ERROR: ModelImporter.cpp:474 In function importModel:
** Assertion failed: !_importer_ctx.network()->hasImplicitBatchDimension() && “This version of the ONNX parser only supports TensorRT INetworkDefinitions with an explicit batch dimension. Please ensure the network was created using the EXPLICIT_BATCH NetworkDefinitionCreationFlag.”**

So my doubt is where can i find the required file where i can put this-
(1) const auto explicitBatch = 1U << static_cast<uint32_t>(nvinfer1::NetworkDefinitionCreationFlag::kEXPLICIT_BATCH);
(2) auto network = GhUniquePtr(builder->createNetworkV2(explicitBatch));

Hi ,
one update-

I have updated my model to support dynamic batch-

Netron shows-

INPUTS

name: input0

type: float32[N,3,640,640]

OUTPUTS

name: locs

type: float32[N,16800,4]

name: scores

type: float32[N,16800,2]

name: landmarks

type: float32[N,16800,10]

Please let me know if this is fine and i can use "trtexec --maxBatch=9 --onnx=onnx-model --saveEngine=output.engine "?
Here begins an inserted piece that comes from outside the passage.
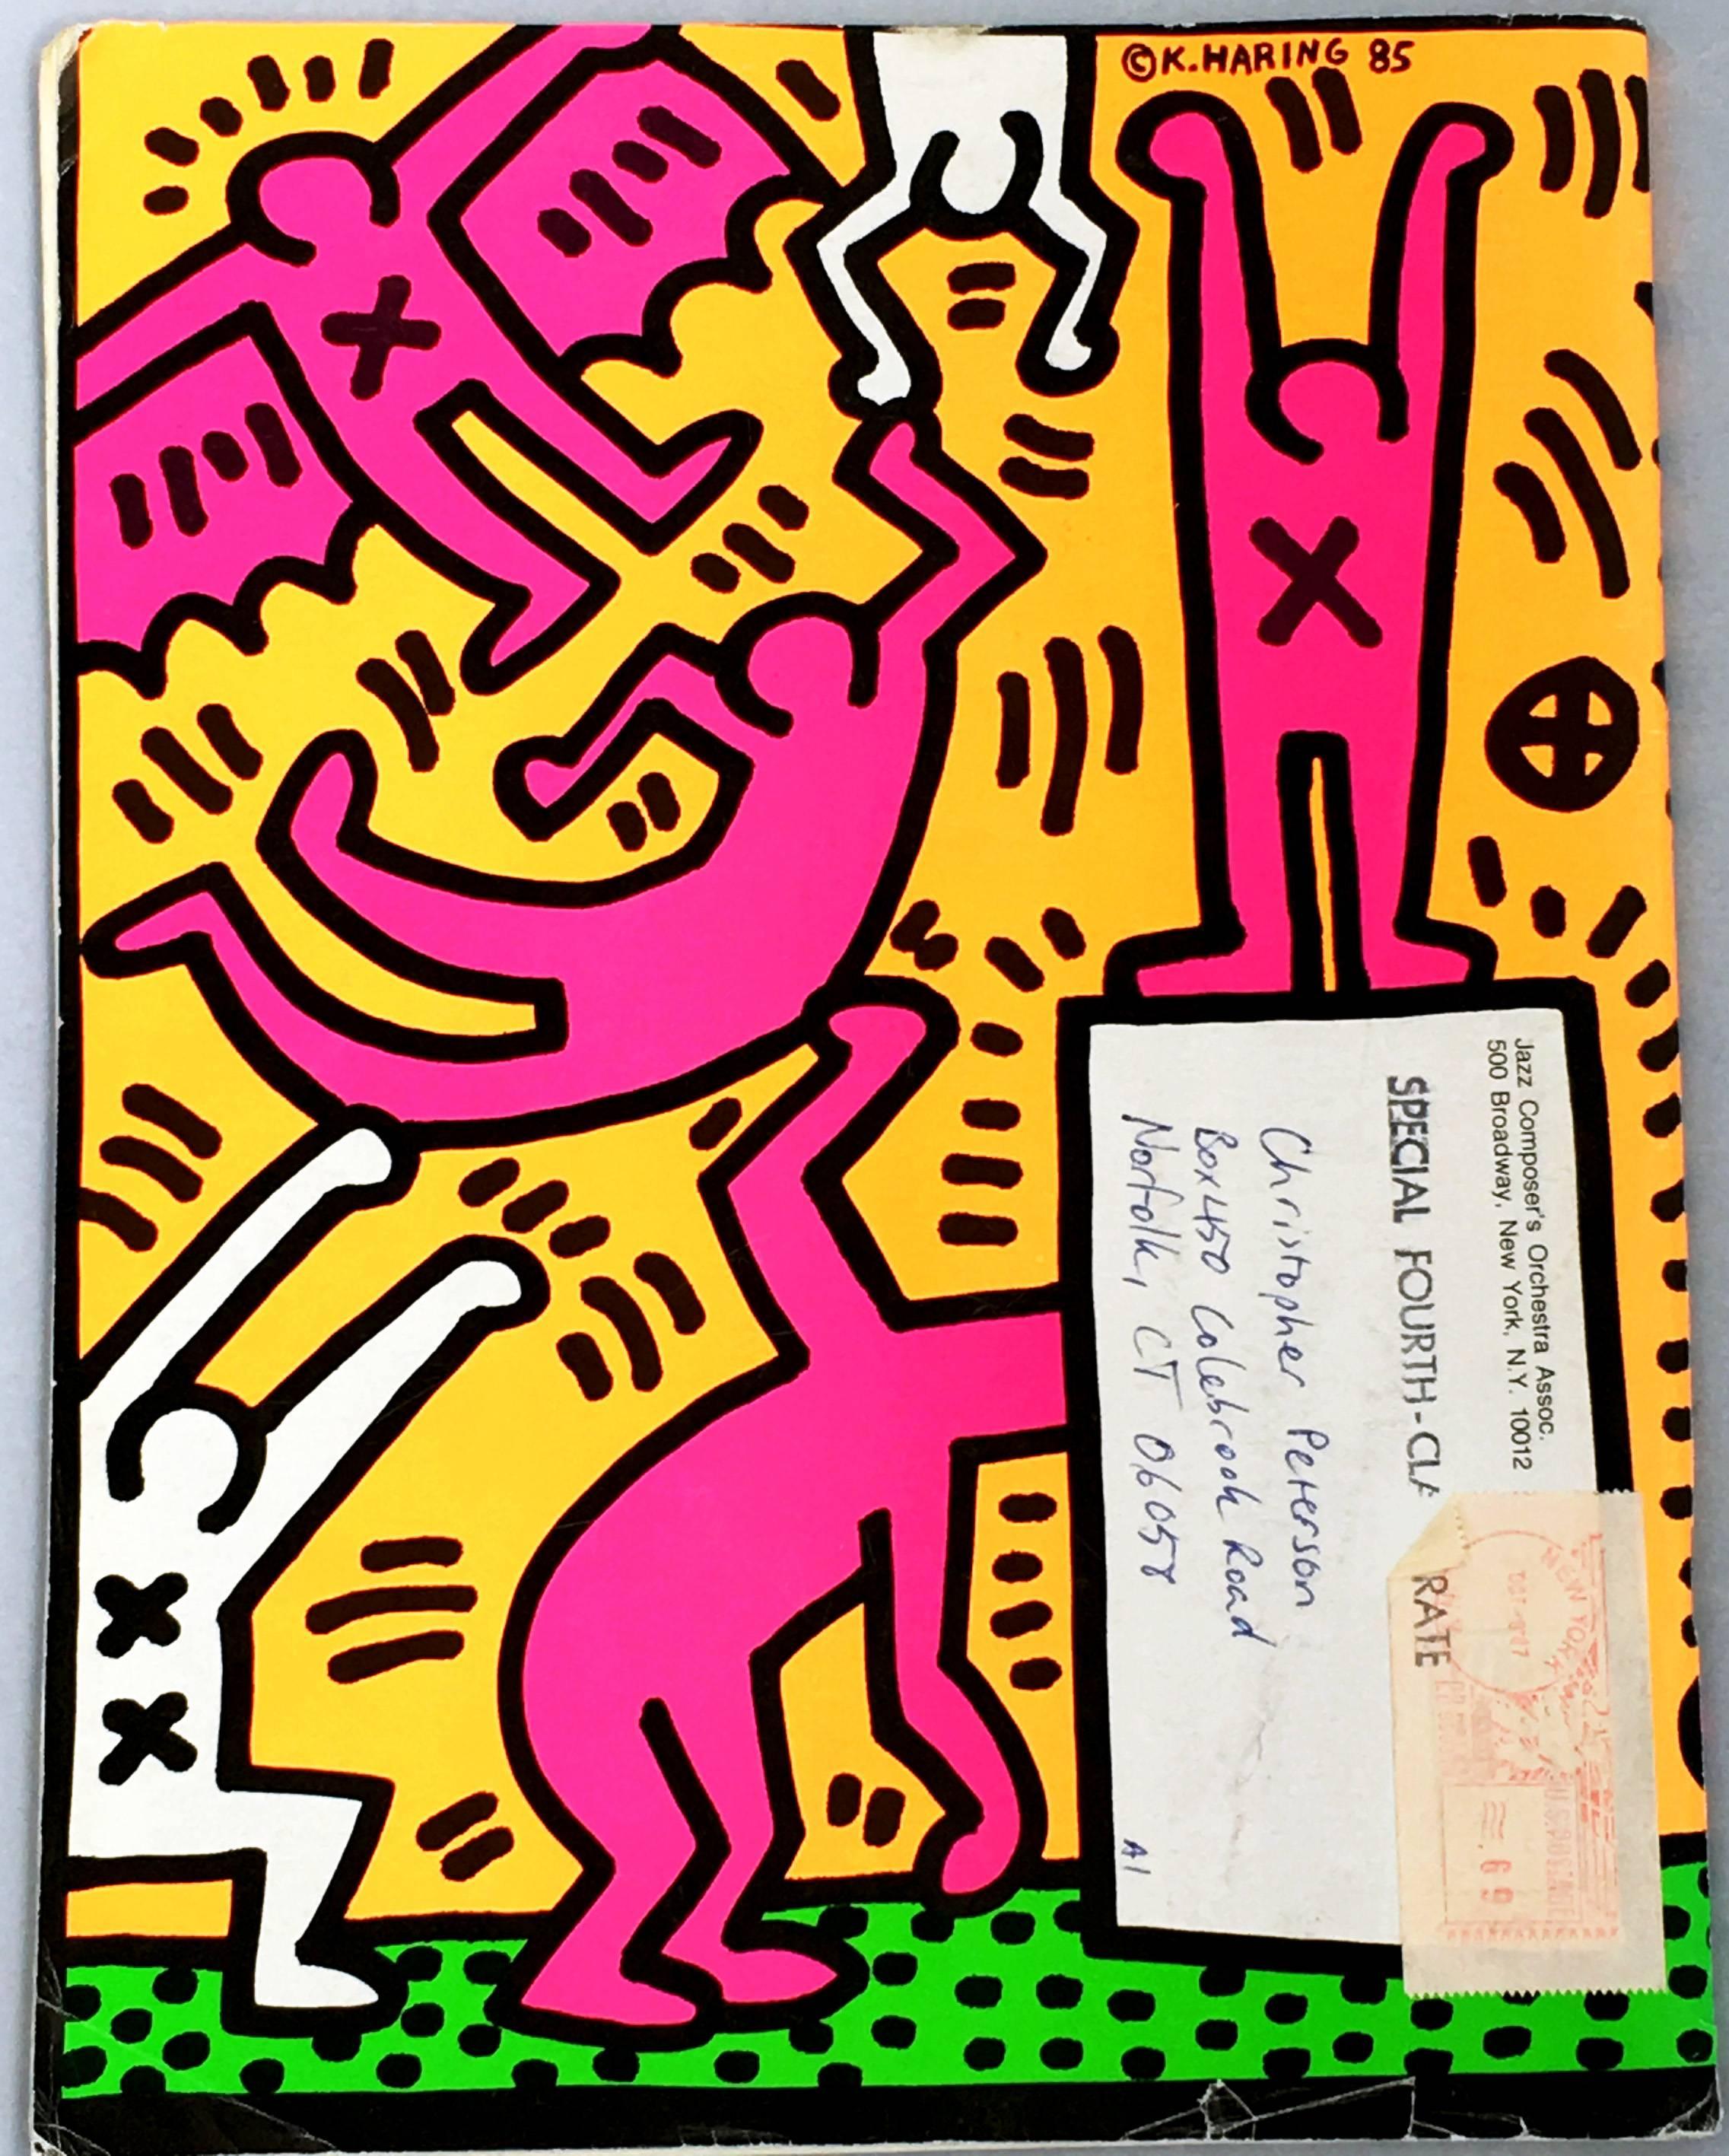 Rare original Keith Haring cover art  4

Hi closing the issue as i got it working with command-
trtexec --explicitBatch
–shapes=input0:6x3x640x640
–optShapes=input0:2x3x640x640
–minShapes=input0:1x3x640x640
–maxShapes=input0:12x3x640x640
–onnx=mnet_025_mean_fixed_640_op11_dyn_simplified.onnx
–saveEngine=mnet_025_mean_fixed_640_op11_dyn_simplified.engine

Thanks for the support and important information.